The cosine range is from Zer0 to 1. Multiply the Cosine X Potential (2x Load) to find pull actually ON pulley. We are just finding the percentage of the potential applied. The Cosine scale is just the degree of change.

The cosine of Zer0 degrees is 1; so all the potential force (2x Load) is on the pulley at inline for our 2/1 setups. The cosine of 90 (each leg offset 90 from center is 180, flat line, the other extreme from Zer0) is Zer0. So, at flatline, there is Zer0 pull on pulley, line passes across thru pulley, not down on it.

Feel is great, but understanding sum nums can back up feel, expand it and double check it etc.!
 
Thanks Spidey...You know your shit!...along the same lines (bad joke bad) maybe you would care to comment on the smaller scale rigging we call climblines , many climbers have gone frome double line to single line...the single line set-up INCREASES load at the tie in point all climbers should understand the differences...
 
cool thread. good to have some understanding of the forces before you get killed. I have only once in 20 years broken out a crotch which I had half expected so everyone was clear.

hey Spidy did I read right that you are no longer climbing or am I dreaming???? Your agile mind would qualify you as a good tester for my ascender.....
 
2 legs of pull on pulley, so pulley will all ways have 2x Load AT it; this is the potential, that may pull ON it.

The cosine range is from Zer0 to 1. Multiply the Cosine X Potential (2x Load) to find pull actually ON pulley. We are just finding the percentage of the potential applied. The Cosine scale is just the degree of change.

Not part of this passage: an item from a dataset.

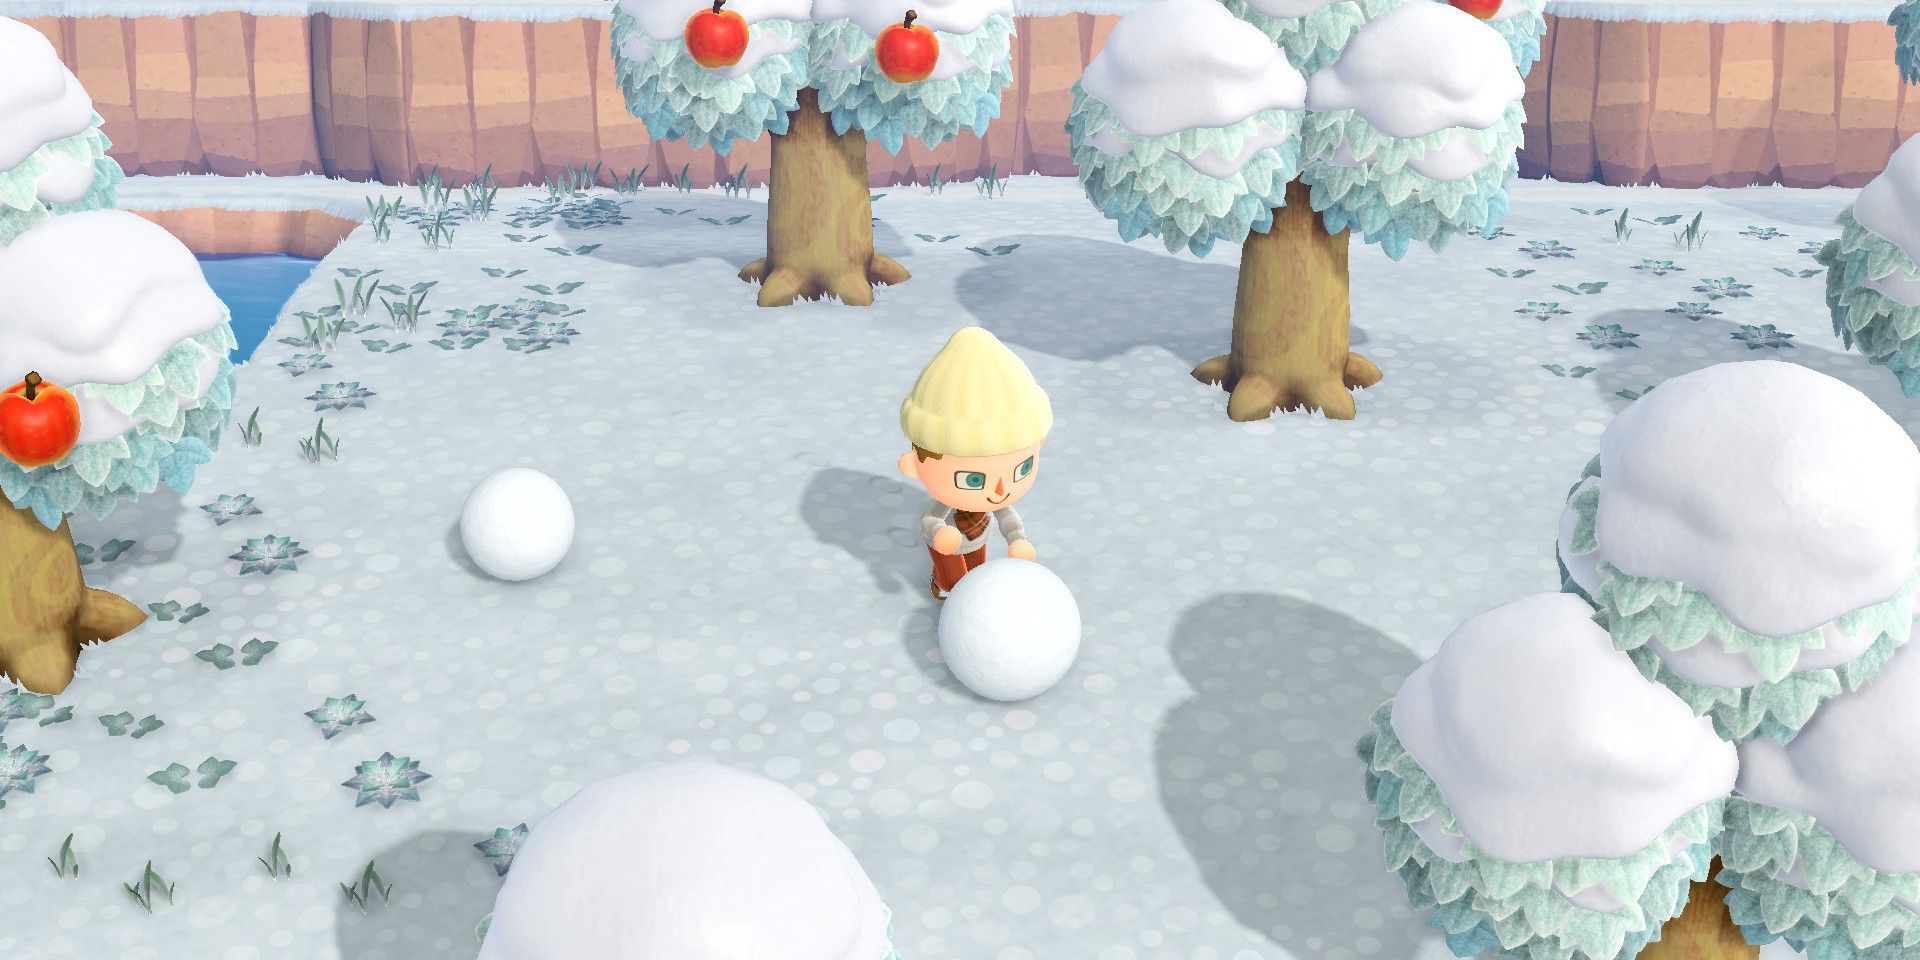 animal crossing new horizons villagers rolling snowball for snowboy in winter snow

The cosine of Zer0 degrees is 1; so all the potential force (2x Load) is on the pulley at inline for our 2/1 setups. The cosine of 90 (each leg offset 90 from center is 180, flat line, the other extreme from Zer0) is Zer0. So, at flatline, there is Zer0 pull on pulley, line passes across thru pulley, not down on it.

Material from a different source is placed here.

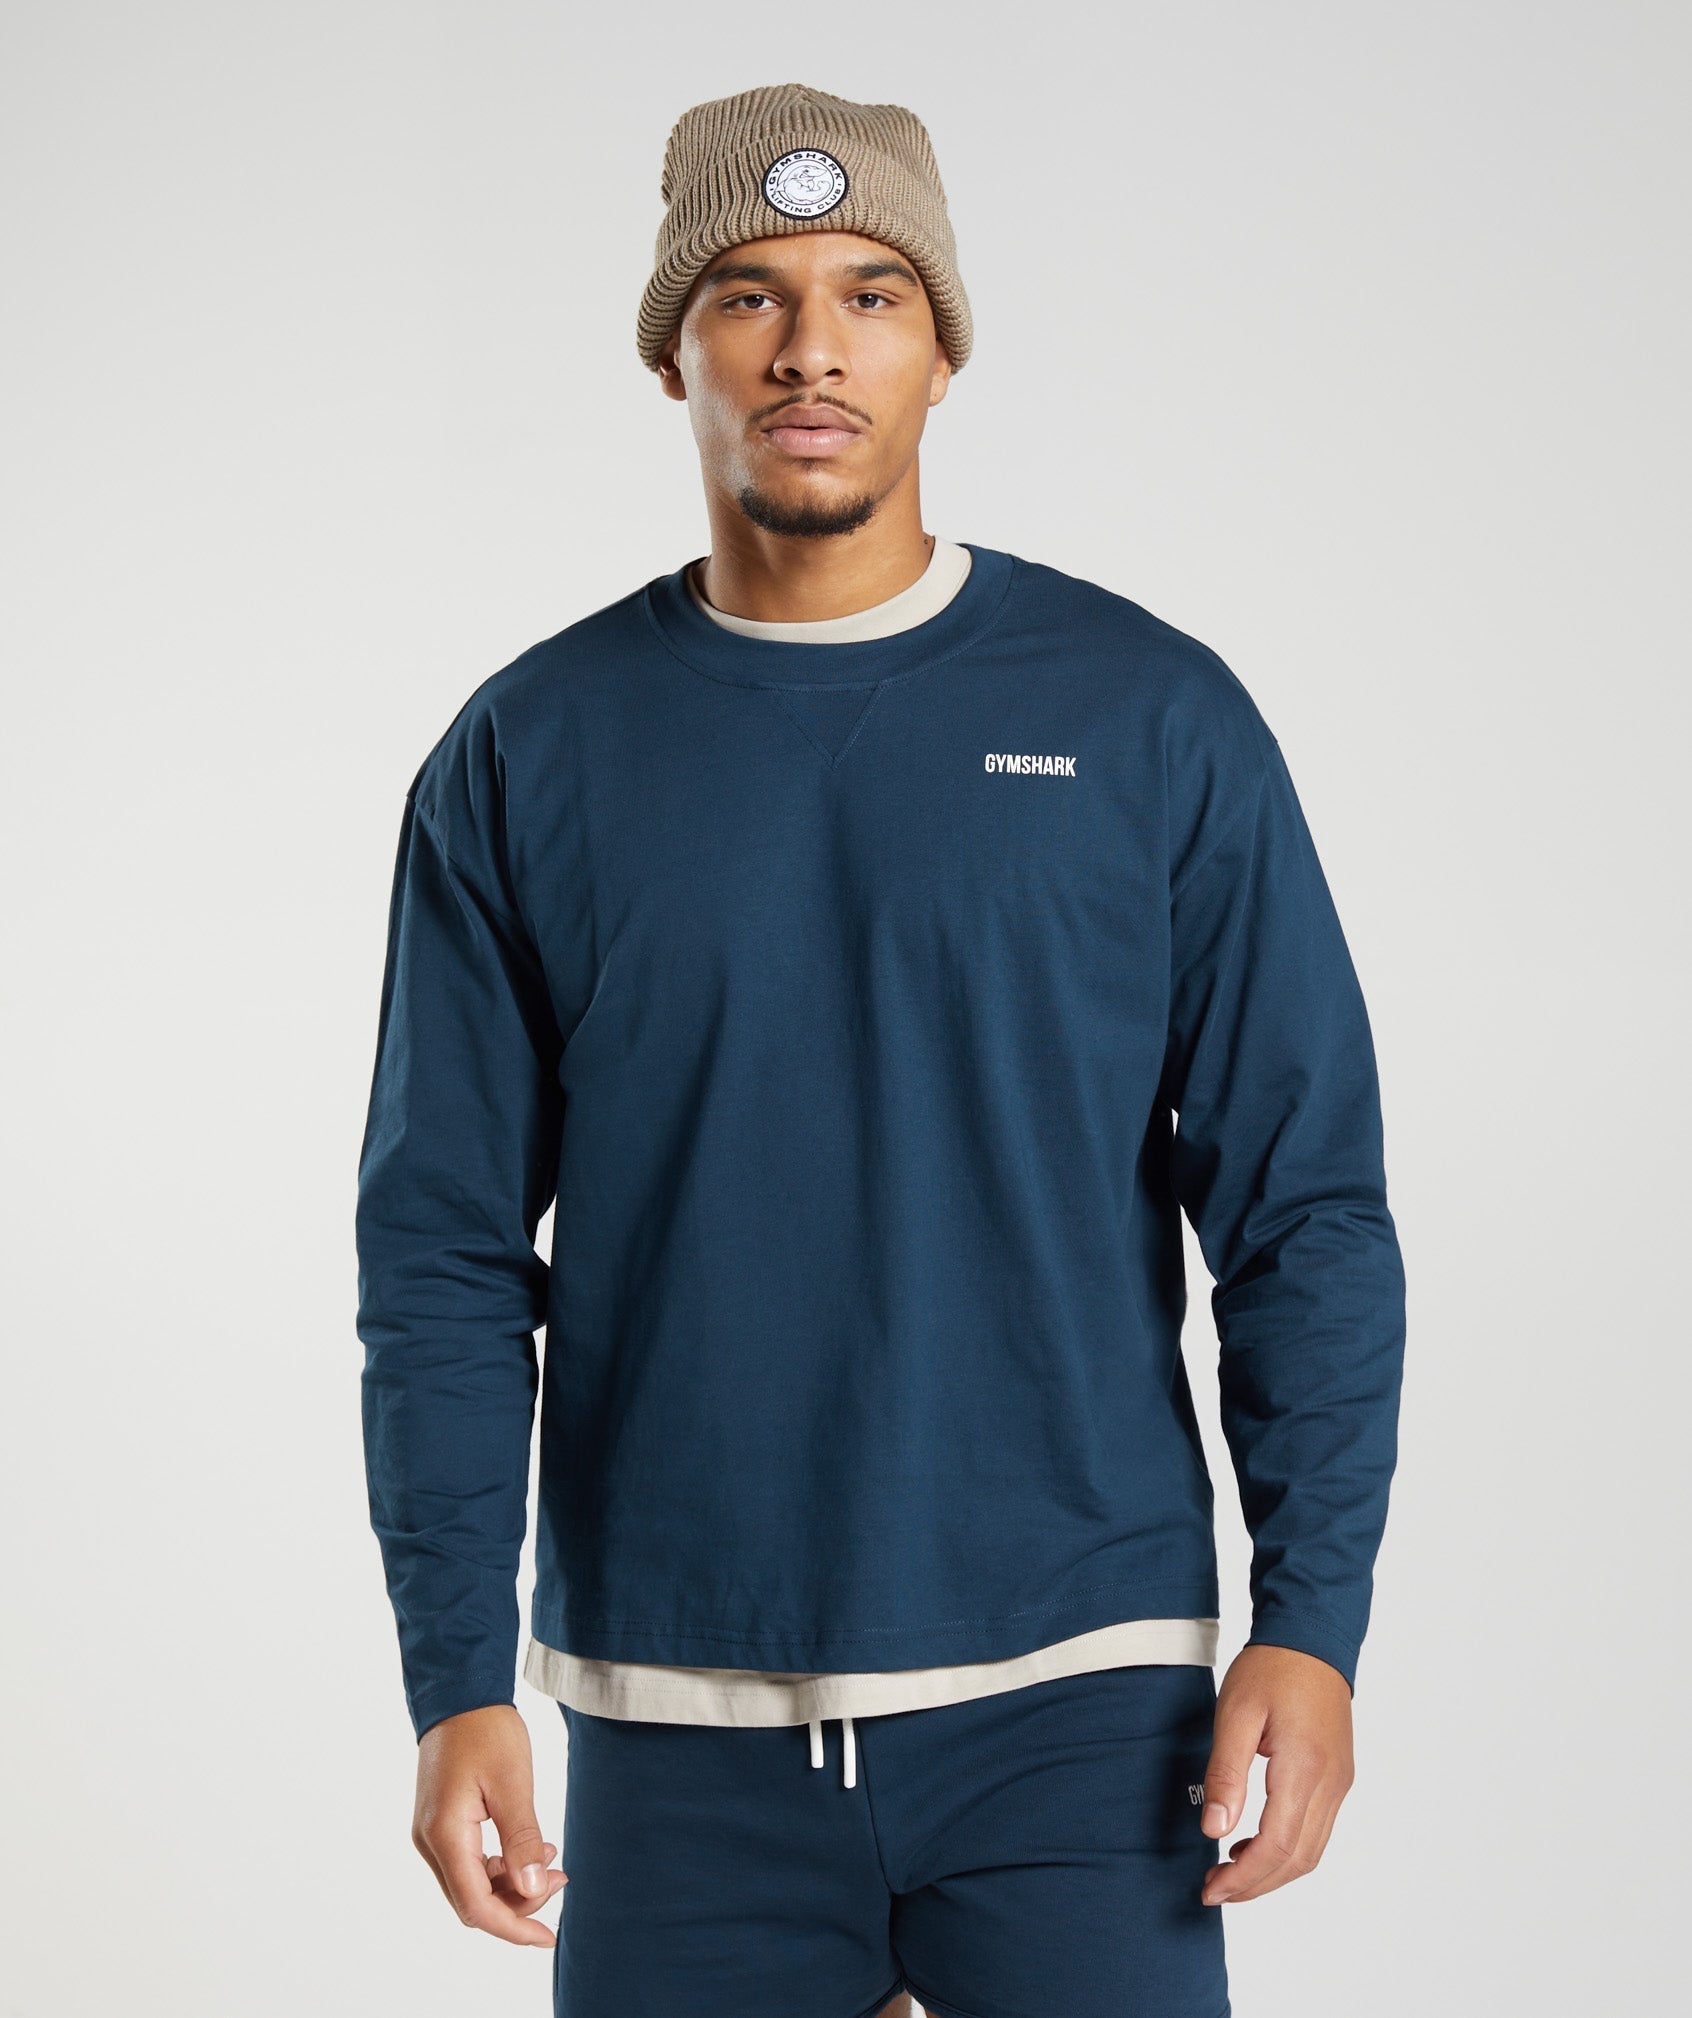 Rest Day Sweats Long Sleeve T-Shirt in Navy - view 2

Feel is great, but understanding sum nums can back up feel, expand it and double check it etc.!

I love that Spidy , when you pointed out that 180 is flat line passing straight through the pulley it just clicked.
So now how can i determine the cosine of varying degrees?
Can you give a few examples?
Wow the wider the atotal angle is , its so obvious the less load on the pulley.
But then is the load still constant on the attachement point for the pully?

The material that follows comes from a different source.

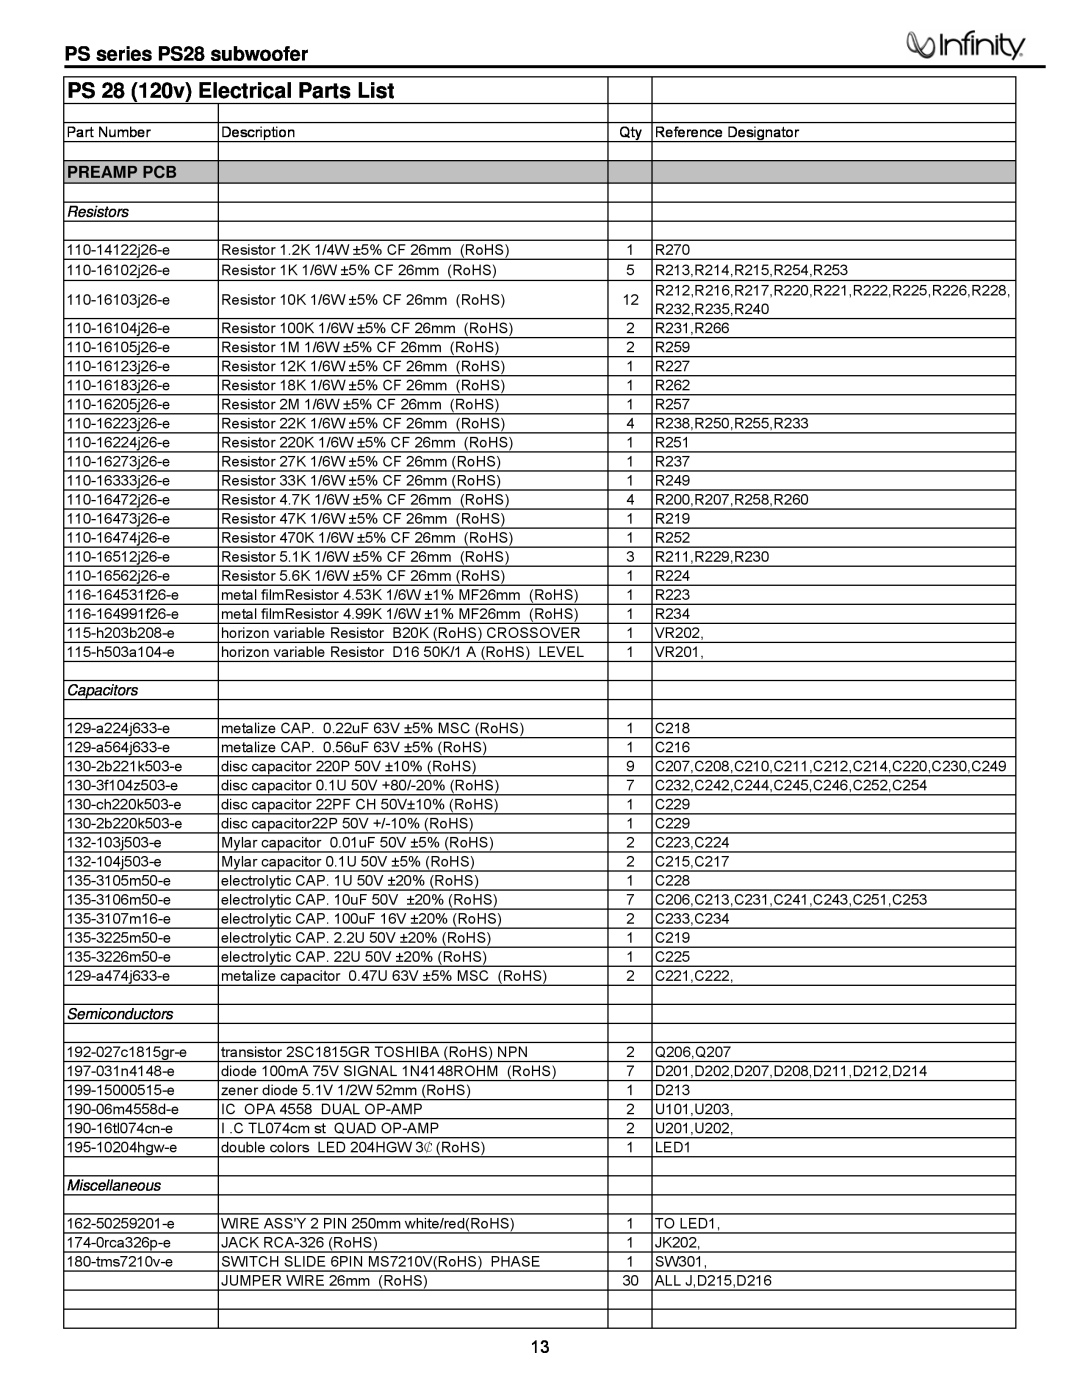 Infinity service manual PS 28 120v Electrical Parts List, PS series PS28 subwoofer, Preamp Pcb

One more thing , when you have a rope attached to hard between two fixed points and snug and you pull straight down in the middle say 100 pounds .
How much force is now on each attachment point.It seems like it alot ?
I often will tie a tree off static and pull pretty hard to tighten it up .
But then ill slide a pulley up the rope and tie on end off to a stump or another tree , i seem to generate alot of pulling force this way and of course redirect as i choose.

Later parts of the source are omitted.